Ternyata Muhammad Fajri (26) memiliki kebiasaan ngemil yang berbeda dari kebanyakan orang. Porsi makan mi instannya begitu besar, bukan lagi sebungkus atau dua bungkus sekali makan.
Jika mi instan biasanya sebagai pengganti makan nasi, tapi baginya, mi instan hanya ngemil.
Seperti diketahui, Muhammad Fajri mengalami obesitas sampai beratnya kurang lebih 300 kilogram dan akhirnya meninggal dunia setelah 14 hari dirawat di Rumah Sakit Cipto Mangunkusumo (RSCM), Jakarta Pusat.
Meninggalnya Fajri menggegerkan masyarakat, sebab menunjukkan berbahayanya obesitas yang mengakibatkan komplikasi penyakit lain.
RSCM sampai membuat imbauan agar masyarakat segera membawa ke rumah sakit jika ada orang terdekatnya yang memiliki berat badan berlebih.
Soal kebiasaan makan Fajri diungkap oleh Suherman (58), tetangganya di Kampung Pedurenan, RT 5 RW 2, Karang Tengah, Kota Tangerang.
Mulanya Suherman menjelaskan awal kedatangan Fajri ke Kampung Pedurenan.
Fajri dan ibunya merupakan pindahan dari wilayah Manggarai, Jakarta Selatan.

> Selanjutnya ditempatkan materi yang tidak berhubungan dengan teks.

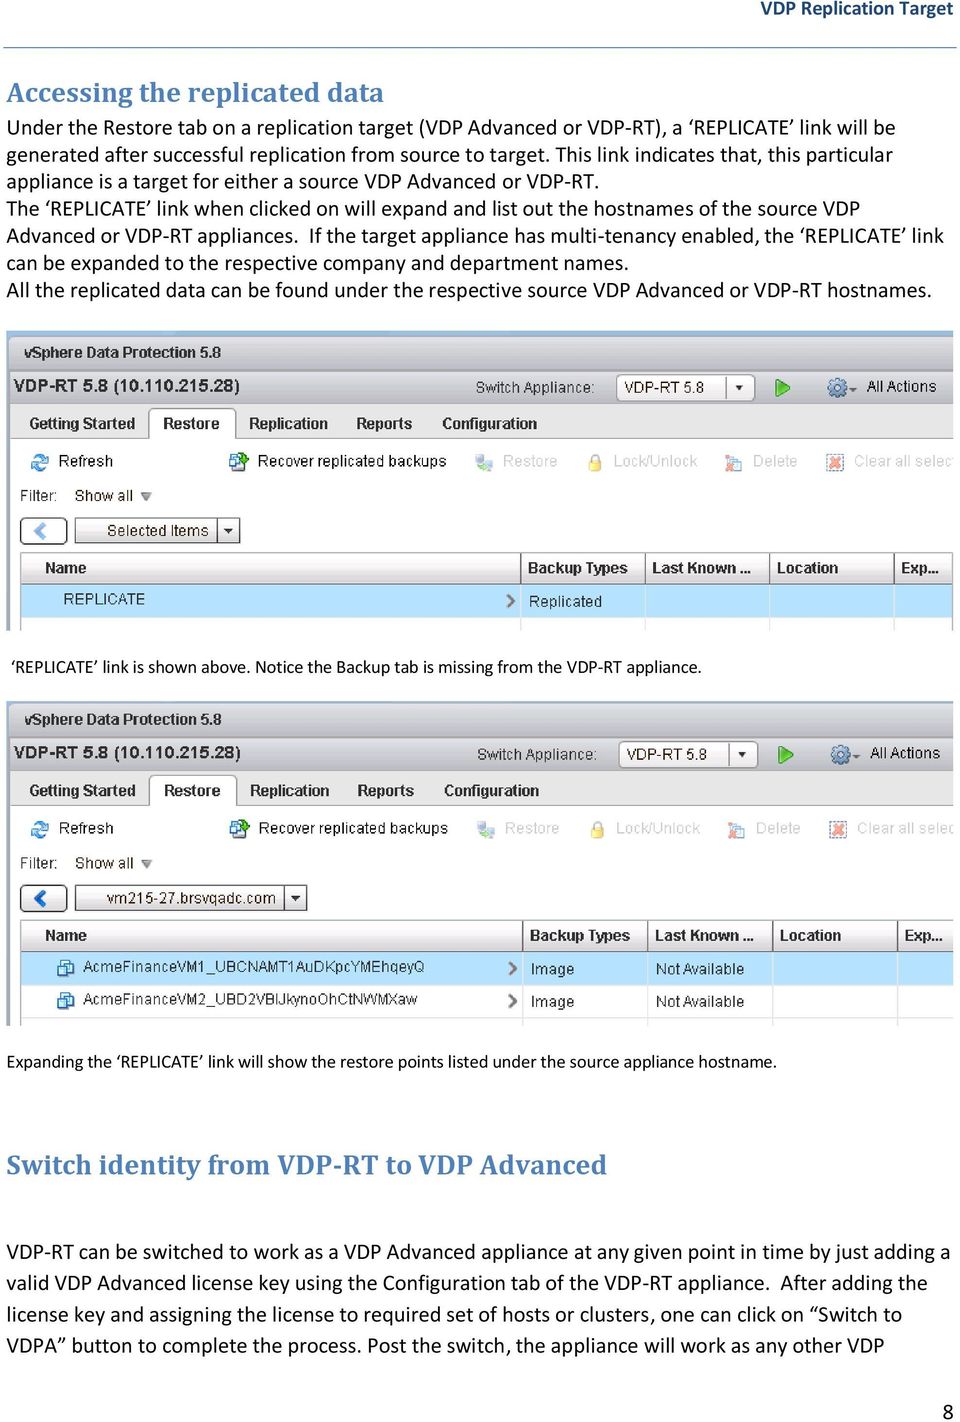 The REPLICATE link when clicked on will expand and list out the hostnames of the source VDP Advanced or VDP-RT appliances.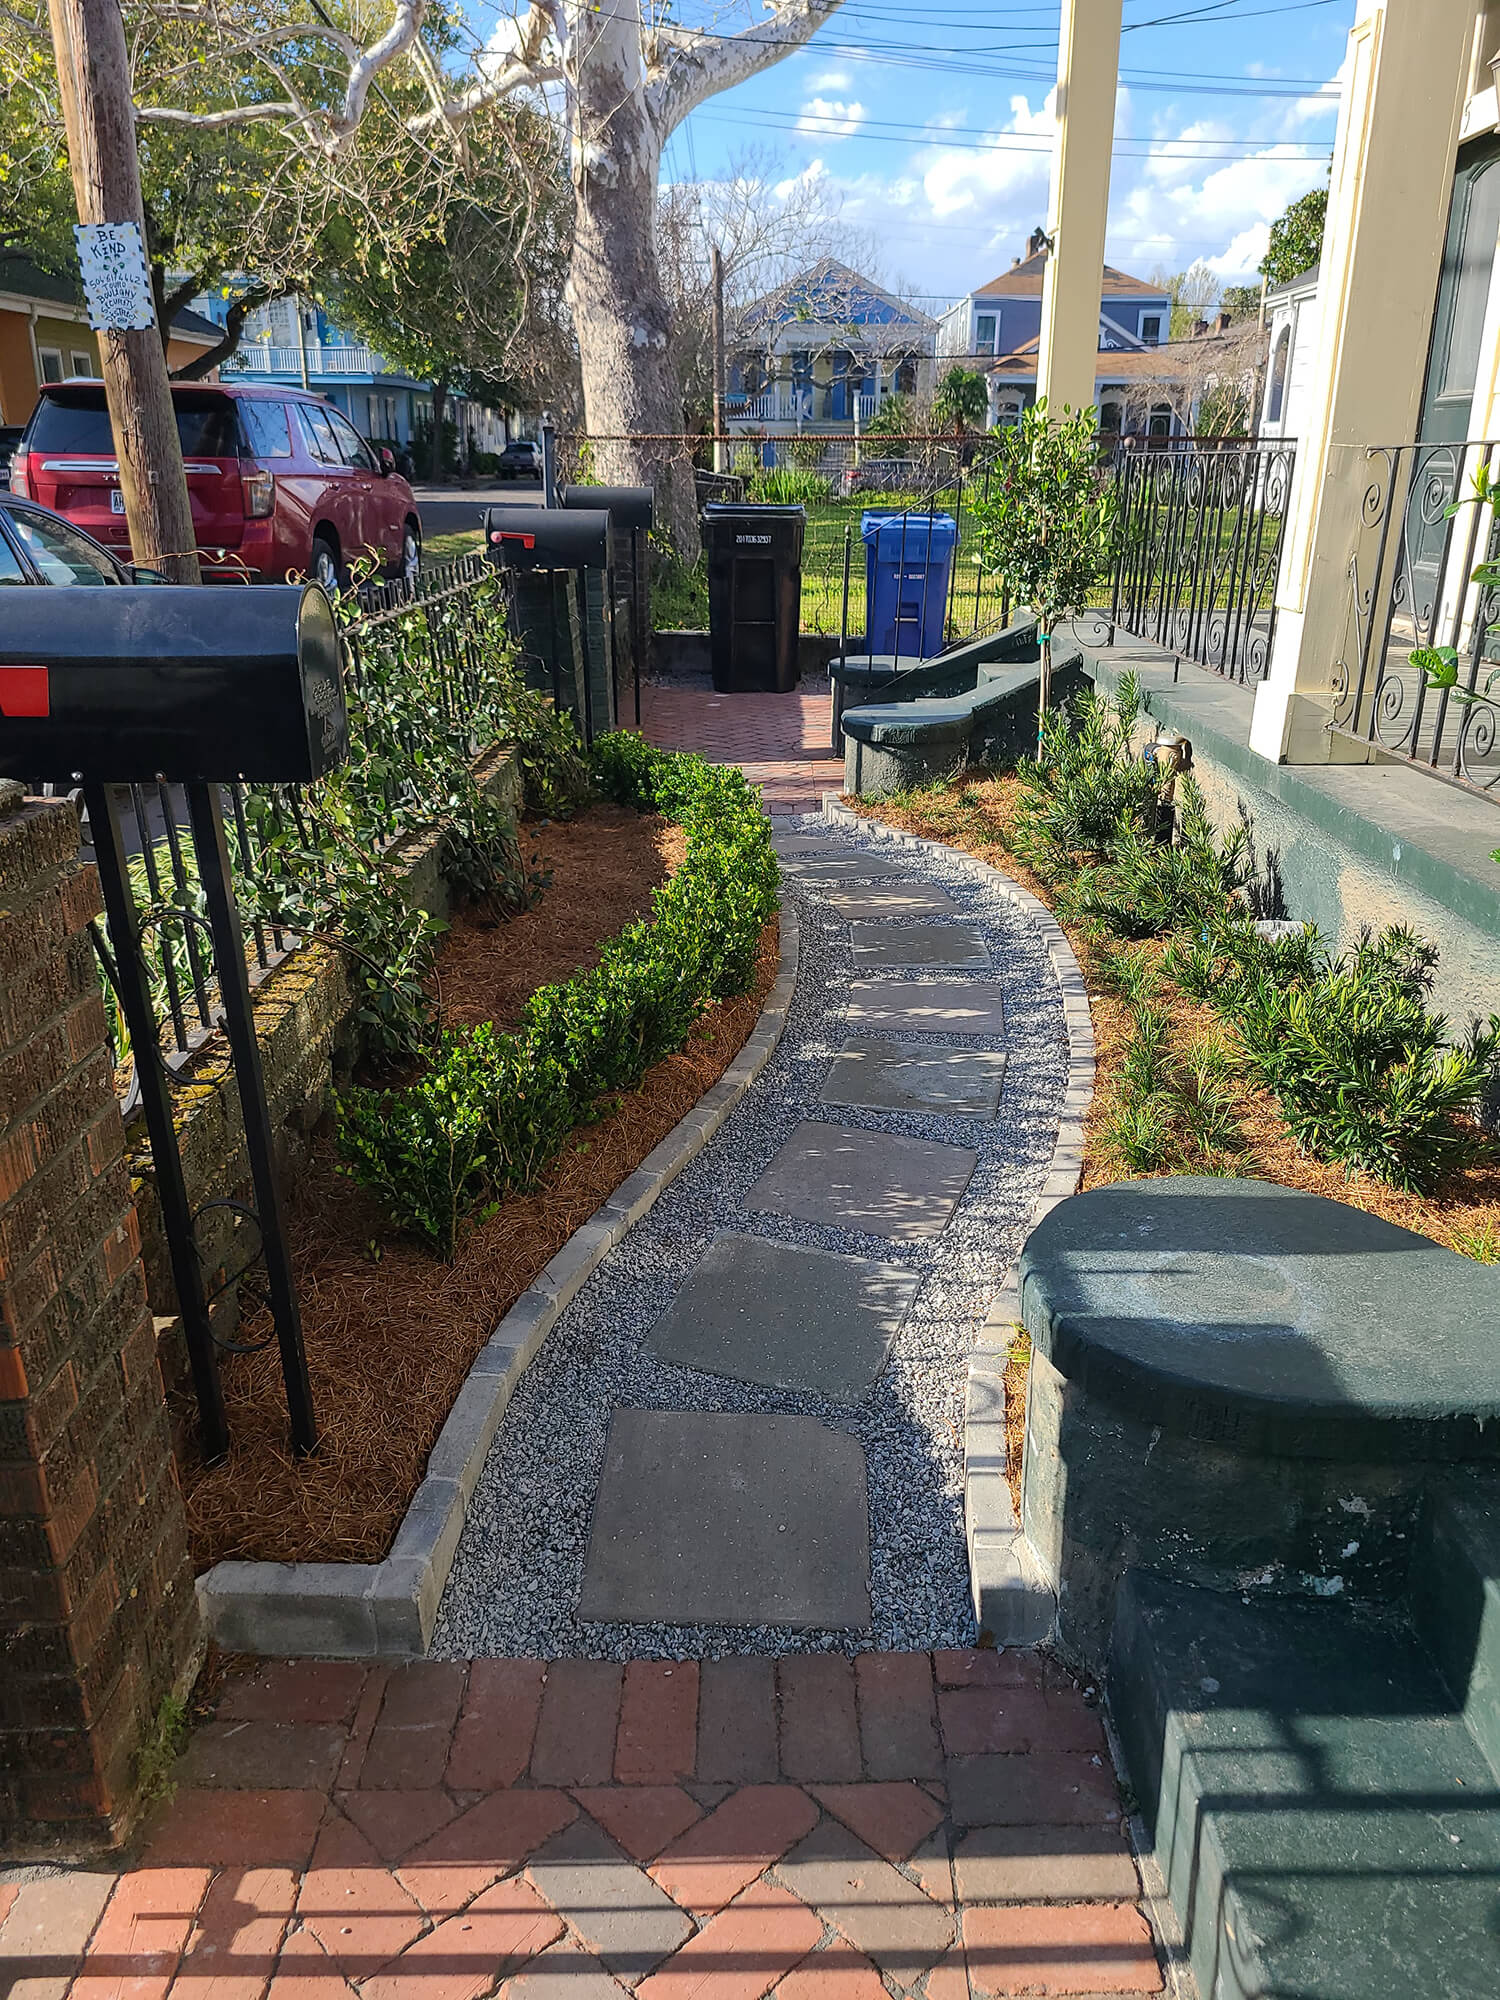 An exterior view of the Duxstand residence pathway, an outdoor landscape design in New Orleans.

Sebelum ke Kampung Pedurenan, Fajri dan ibunya lebih dulu tinggal di Larangan, Kota Tangerang.
Fajri dikenal sebagai sosok yang baik dan senang bersosialisasi dengan warga sekitar.
Bahkan Fajri juga dikenal sebagai pekerja keras di mata warga Kampung Pedurenan.
“Ibunya Fajri itu istri ke dua dan anaknya hanya Fajri seorang, mungkin karena tidak mau merepotkan keluarga makanya mereka pindah dari Manggarai ke Tangerang,” tutur Suherman dikutip dari Wartakotalive.com, Kamis (22/6/2023).
“Fajri itu sosok yang baik, gampang bergaul atau sosialisasi dengan warga sekitar dan pekerja keras, karena dia bekerja di biro jasa,” sambungnya.
Sosok Fajri berubah setelah putus cinta dan mengalami kecelakaan.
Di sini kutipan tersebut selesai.